À ceux qui demandent si la PNL n’est pas manipulative, Bandler répond avec une franchise désarmante : « Manipuler signifie déplacer d’un endroit à un autre de manière intentionnelle. Et je pense que c’est une bonne idée de faire les choses intentionnellement. »

Il souligne que les gens se trompent mutuellement depuis la nuit des temps, se conditionnent mentalement les uns les autres avec des croyances sur ce qui est bien ou mal, la bonne ou la mauvaise religion. L’univers est infini, il devrait y avoir de la place pour un nombre infini d’idées.

Mais ces idées doivent être testées et s’assurer qu’elles améliorent nos vies.

« La PNL, c’est la liberté. Liberté de pensée, liberté d’action, et la capacité de rendre plus de moments de votre journée heureux et moins de moments malheureux. »

Conclusion : un calcul du changement pour tous

En réfléchissant à ces cinquante années, on réalise que Richard Bandler et John Grinder ont accompli quelque chose de remarquable : ils ont créé un langage pour parler du changement humain, des outils pour le provoquer rapidement, et une méthodologie pour transmettre ces compétences.

Le reste du monde continue de rattraper ce qu’ils ont construit dans ces années intenses de collaboration. Les fondations ont été posées, le calcul de l’apprentissage existe, et il se diffuse partout.

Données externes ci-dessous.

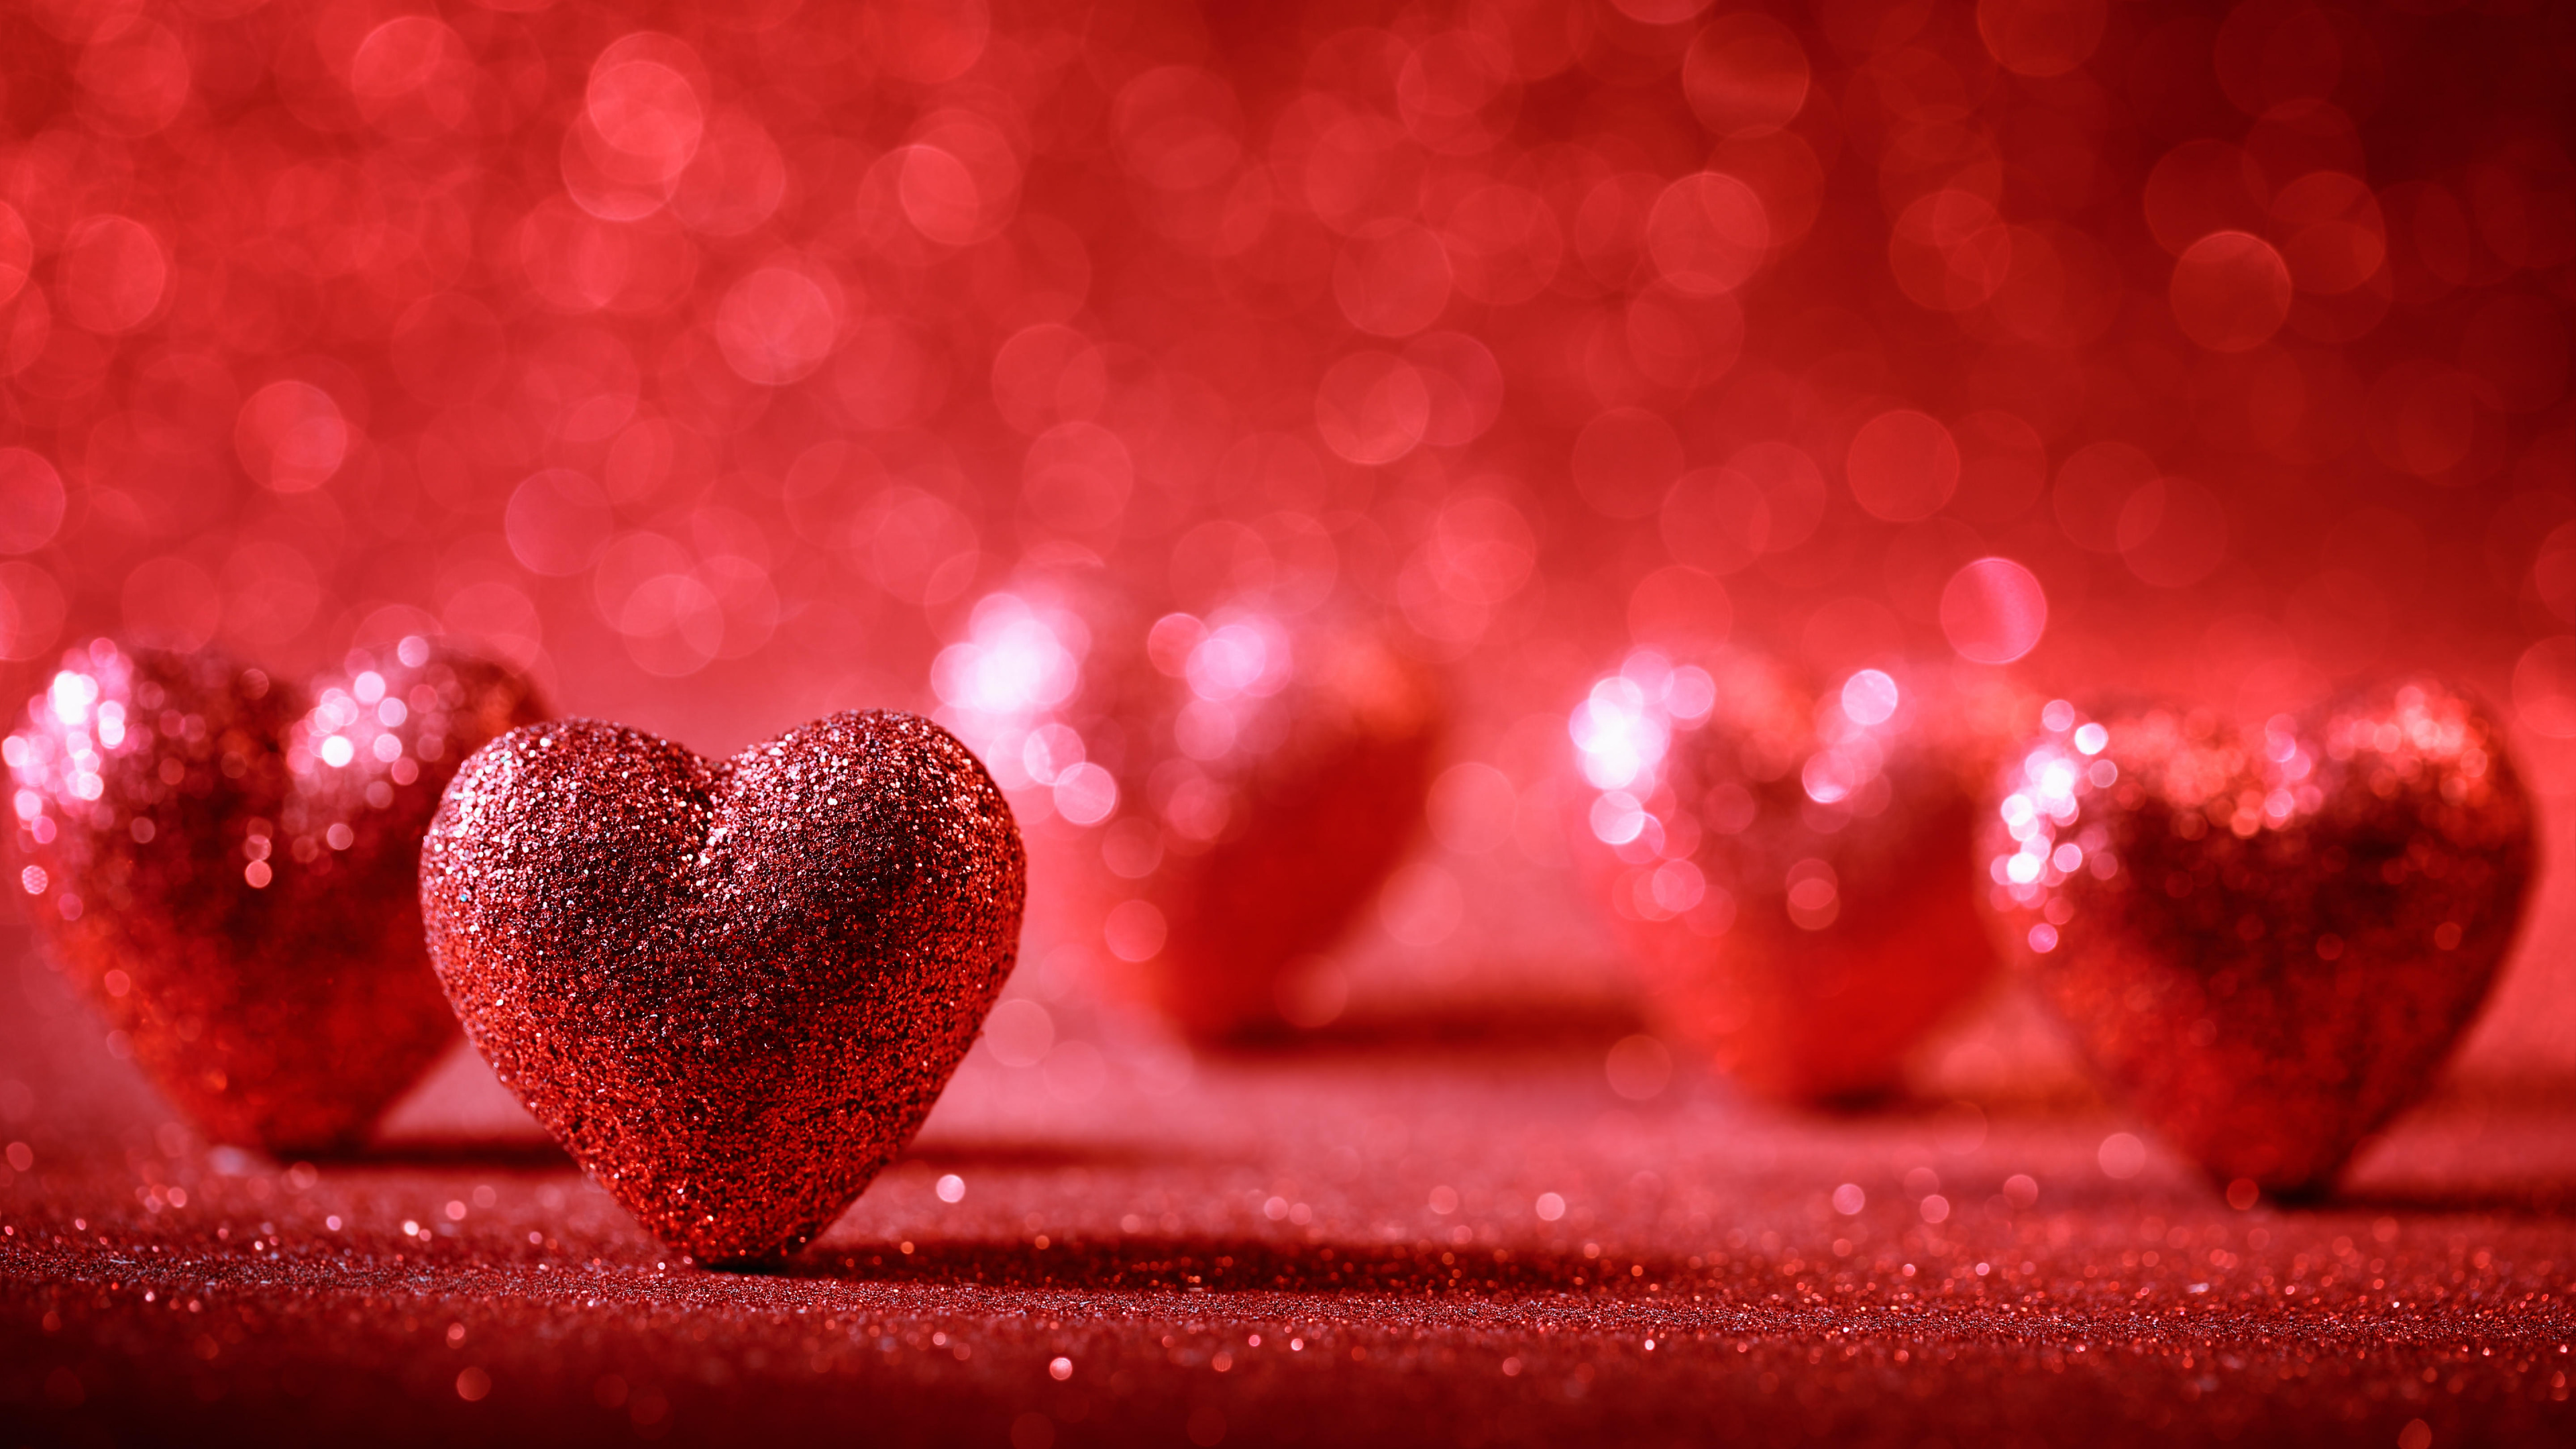 el Día de San Valentín, Coraz, Rojo, Amor, Romanticismo. Wallpaper in 3840x2160 Resolution

Comme le dit Bandler : « Nous devrions tester nos idées et nous assurer qu’elles rendent nos vies meilleures. »

C’est peut-être là l’essence même de la PNL : non pas une collection de techniques figées, mais une invitation permanente à explorer, tester et élargir les frontières de ce que nous croyons possible pour nous-mêmes et pour les autres.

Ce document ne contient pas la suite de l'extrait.